» ACTIVITY: Write out all the data verbatim. Skip images.

» DATA EXTRACT:
● ● ● ●

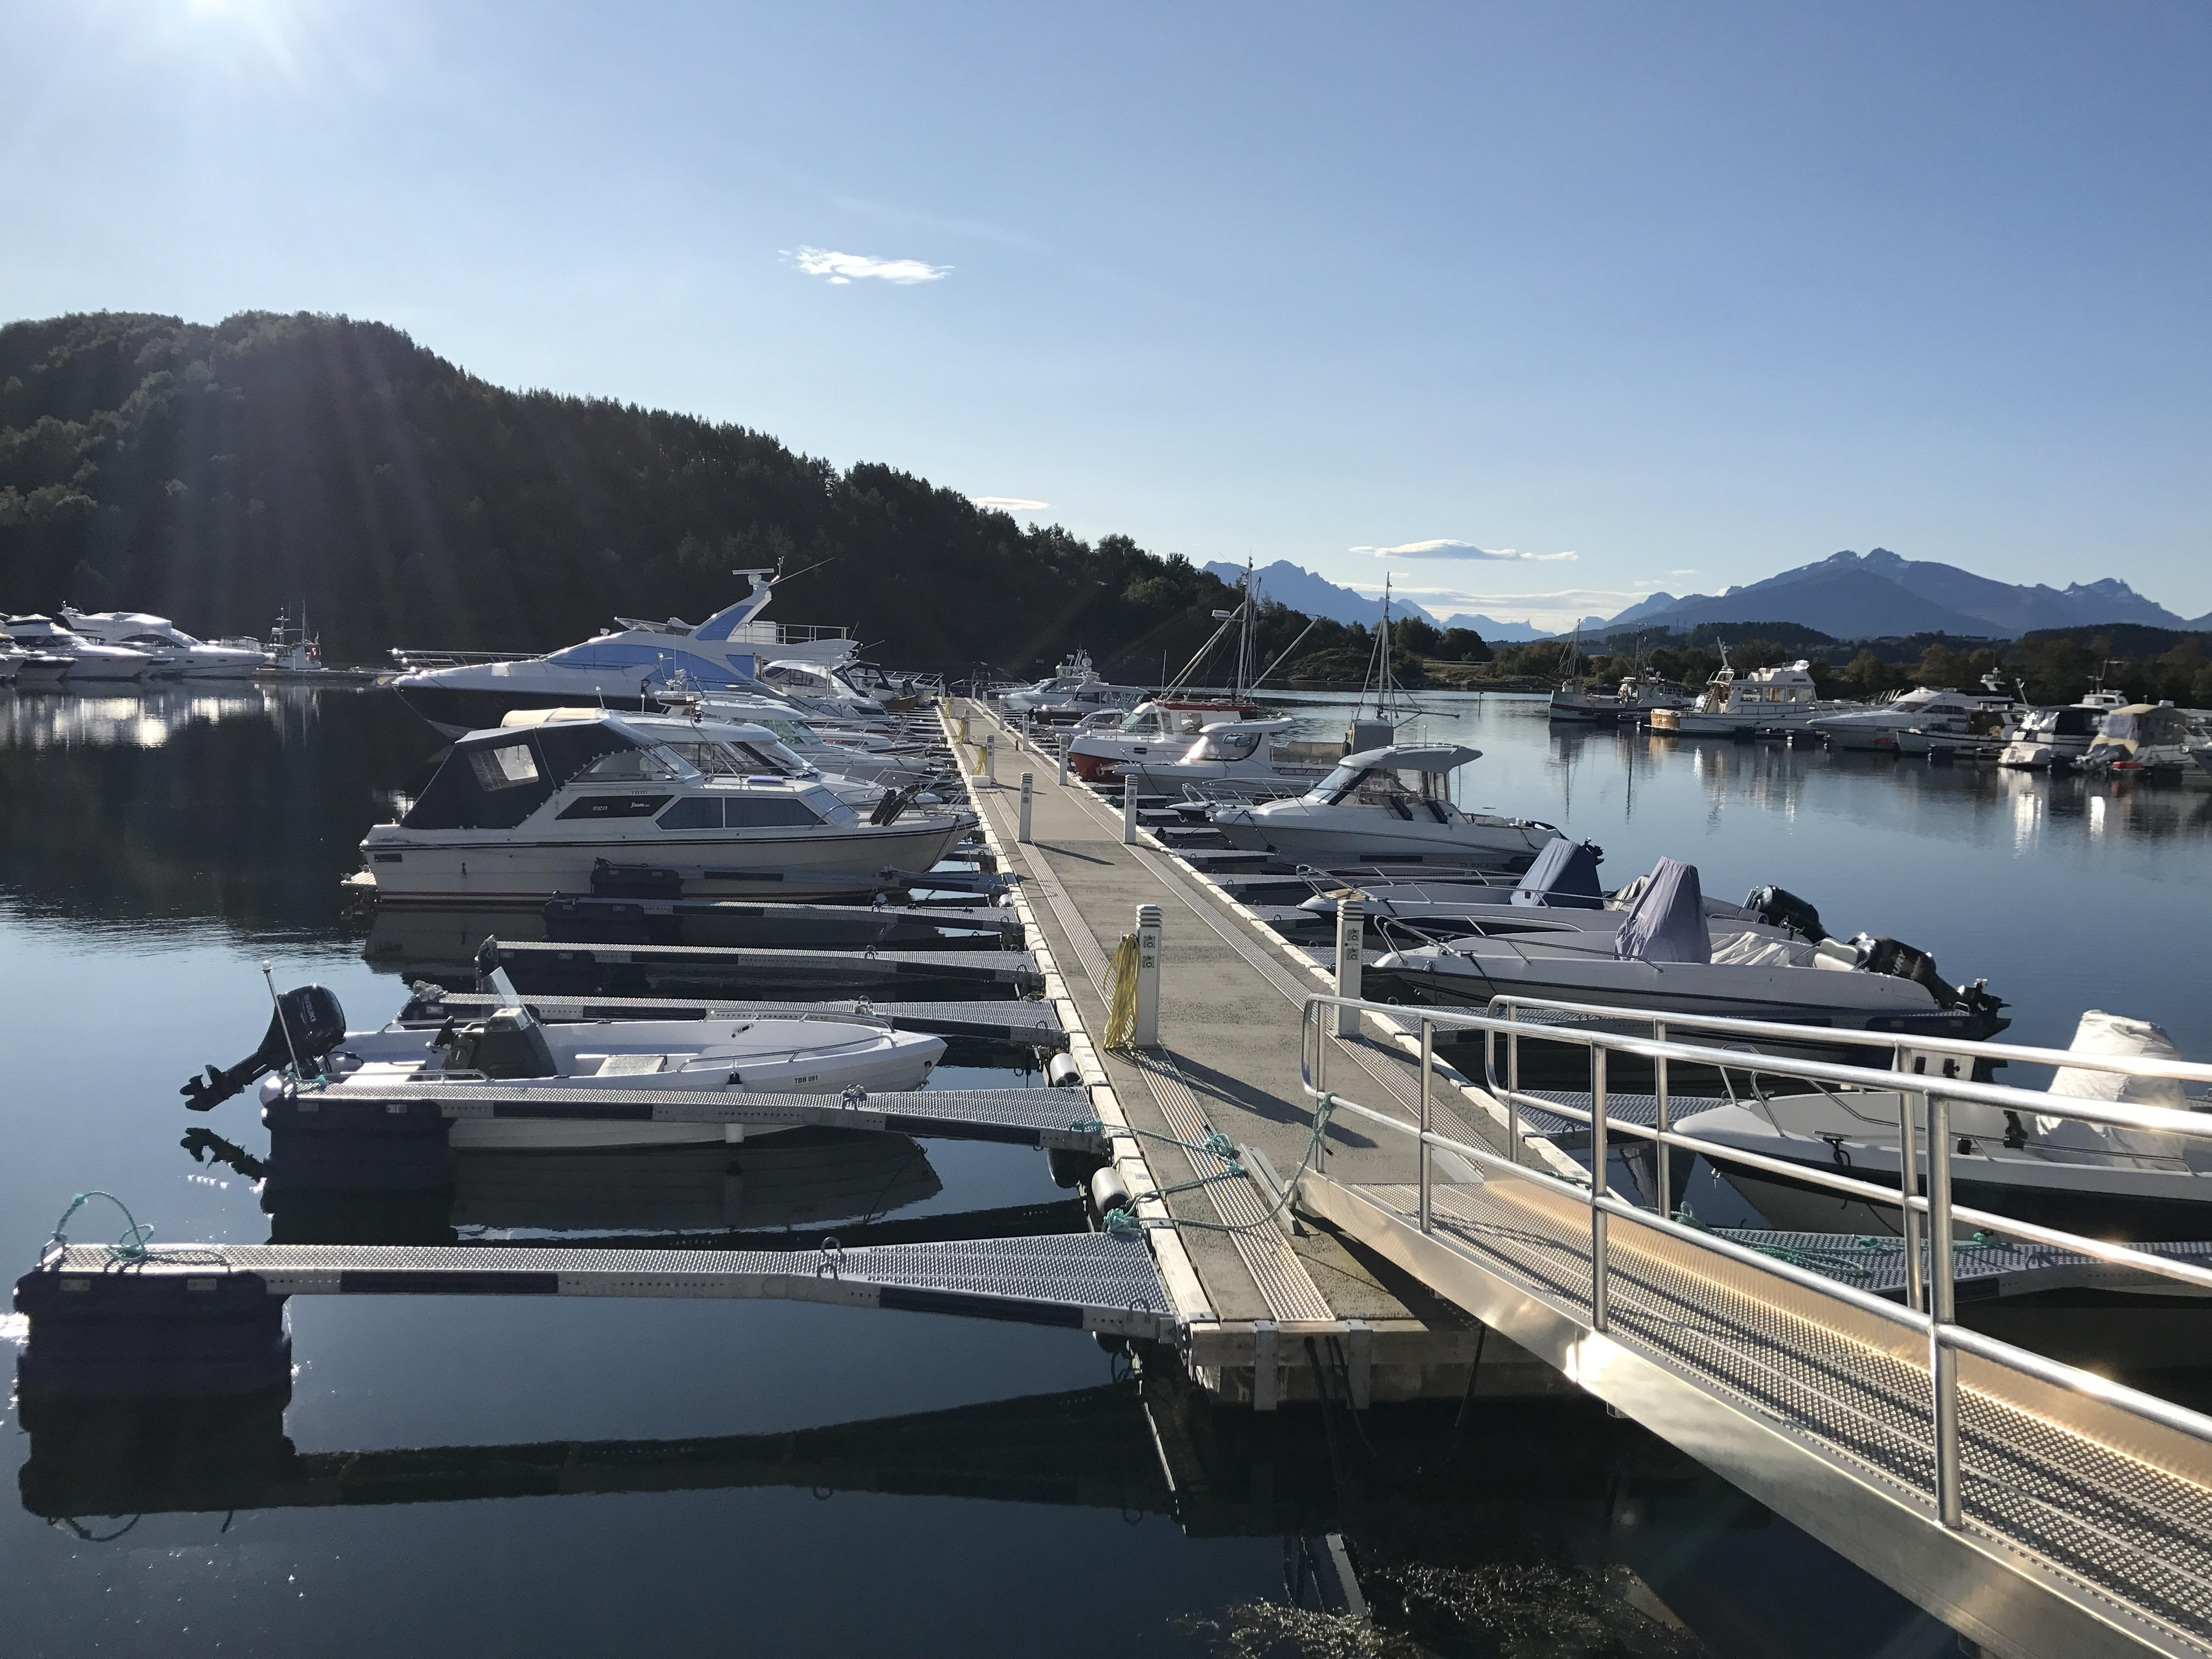 https://marinasolutions.no/uploads/Hovlia-Marina-Ellingsøy.JPG
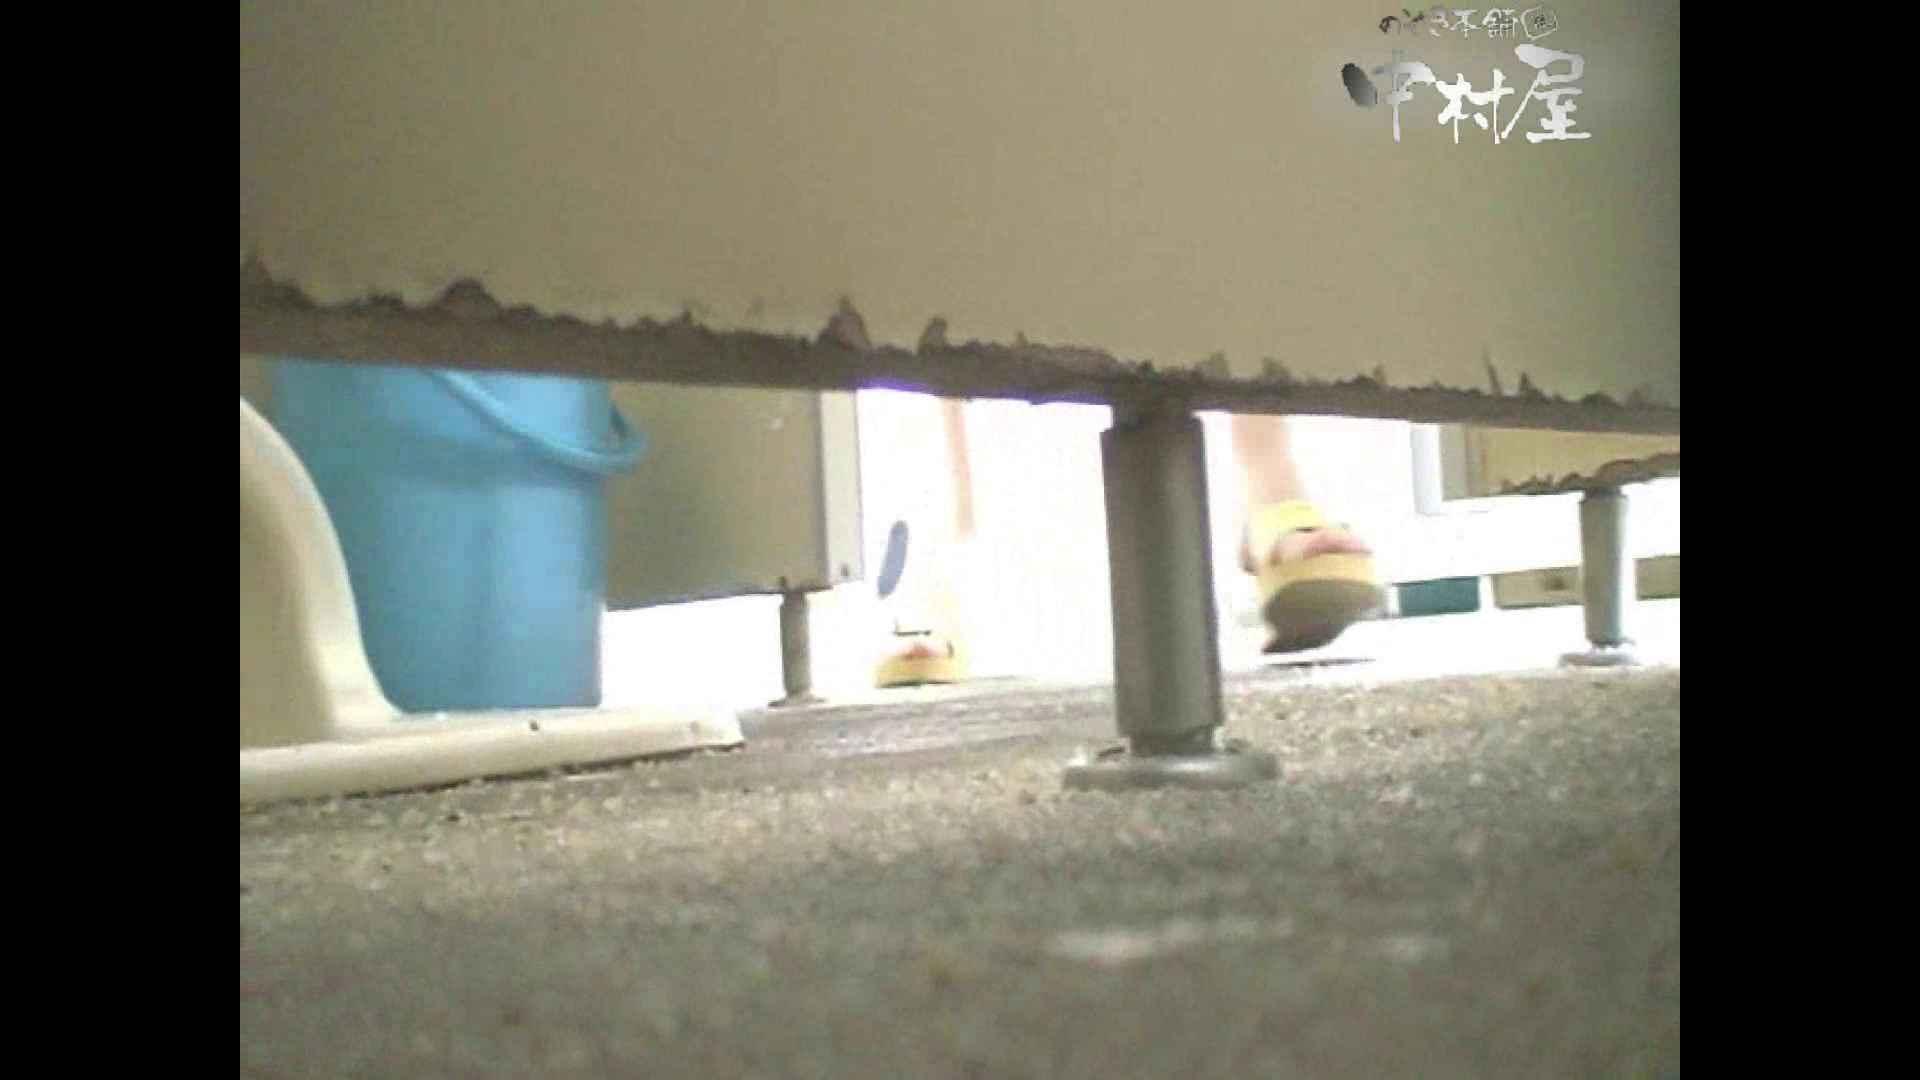 岩手県在住盗撮師盗撮記録vol.17 お姉さんのエロ動画 | 盗撮シリーズ  87PIX 1
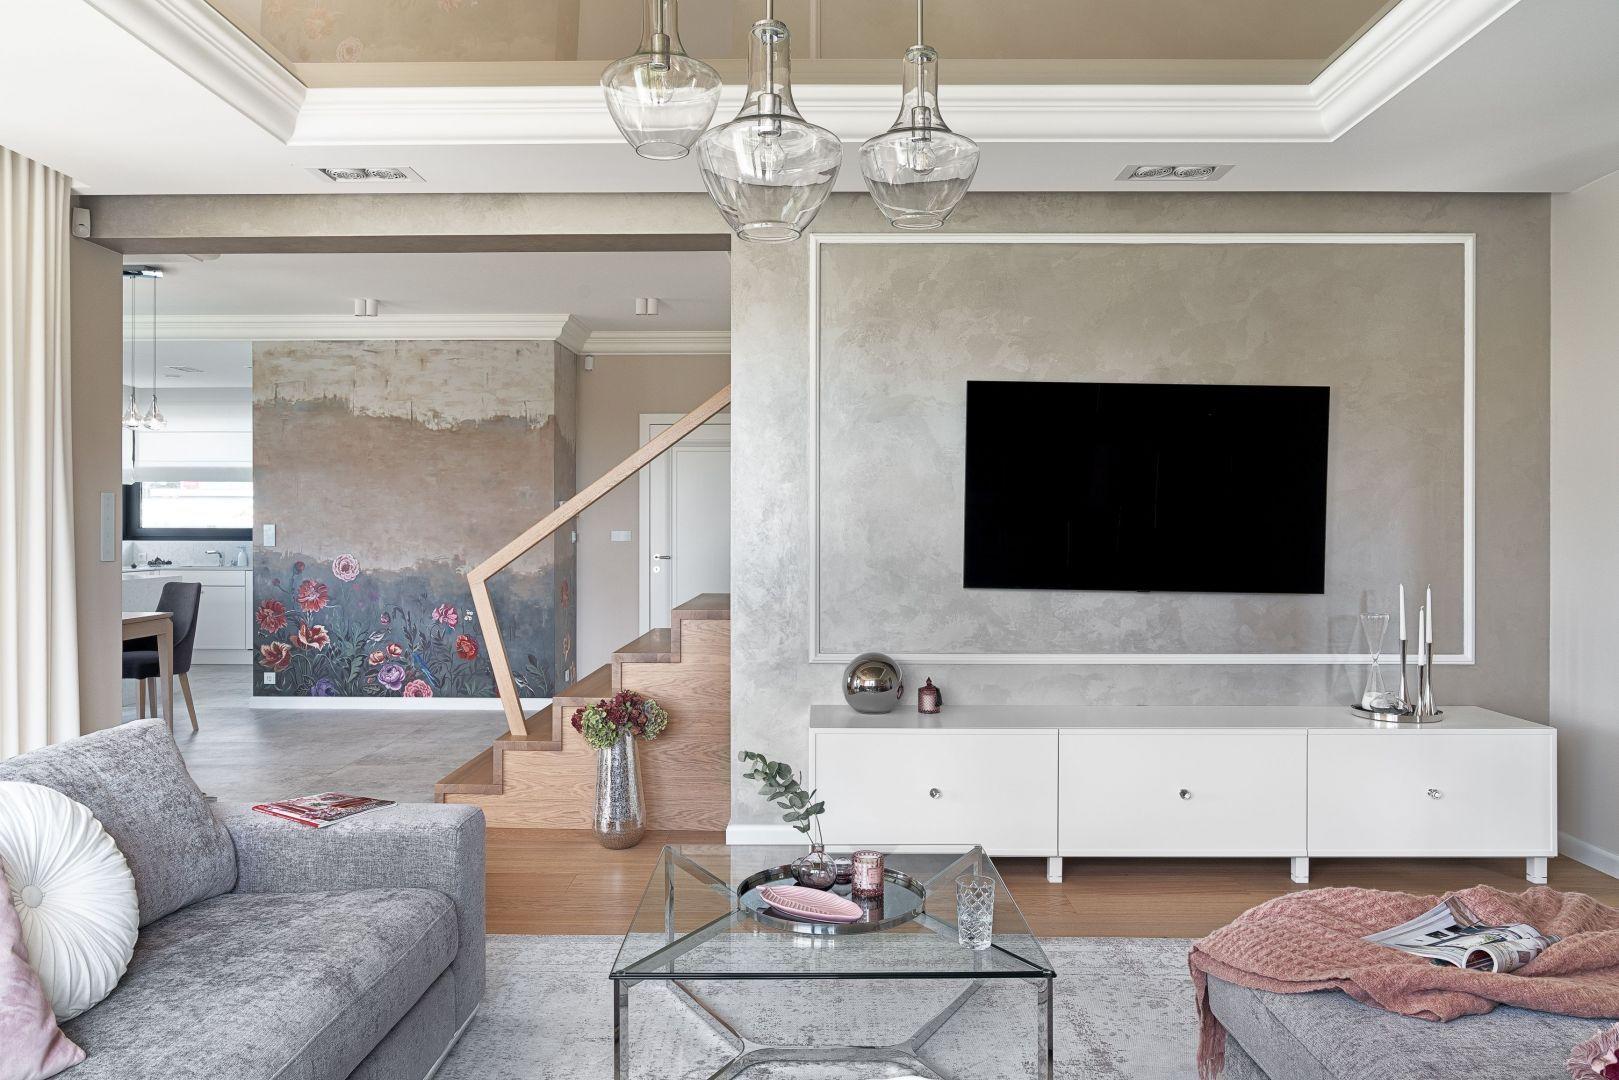 Ścianę za telewizorem w salonie wykończono farbą o ładnym, ciekawym efekcie dekoracyjnym. Projekt: Ewelina Rutkowska, studio projektowe Meteor. Fot. Tom Kurek

● ● ● ●

» ANSWER SECTION:
 https://marinasolutions.no/uploads/Hovlia-Marina-Ellingsøy.JPG
 岩手県在住盗撮師盗撮記録vol.17 お姉さんのエロ動画 | 盗撮シリーズ  87PIX 1
 Ścianę za telewizorem w salonie wykończono farbą o ładnym, ciekawym efekcie dekoracyjnym. Projekt: Ewelina Rutkowska, studio projektowe Meteor. Fot. Tom Kurek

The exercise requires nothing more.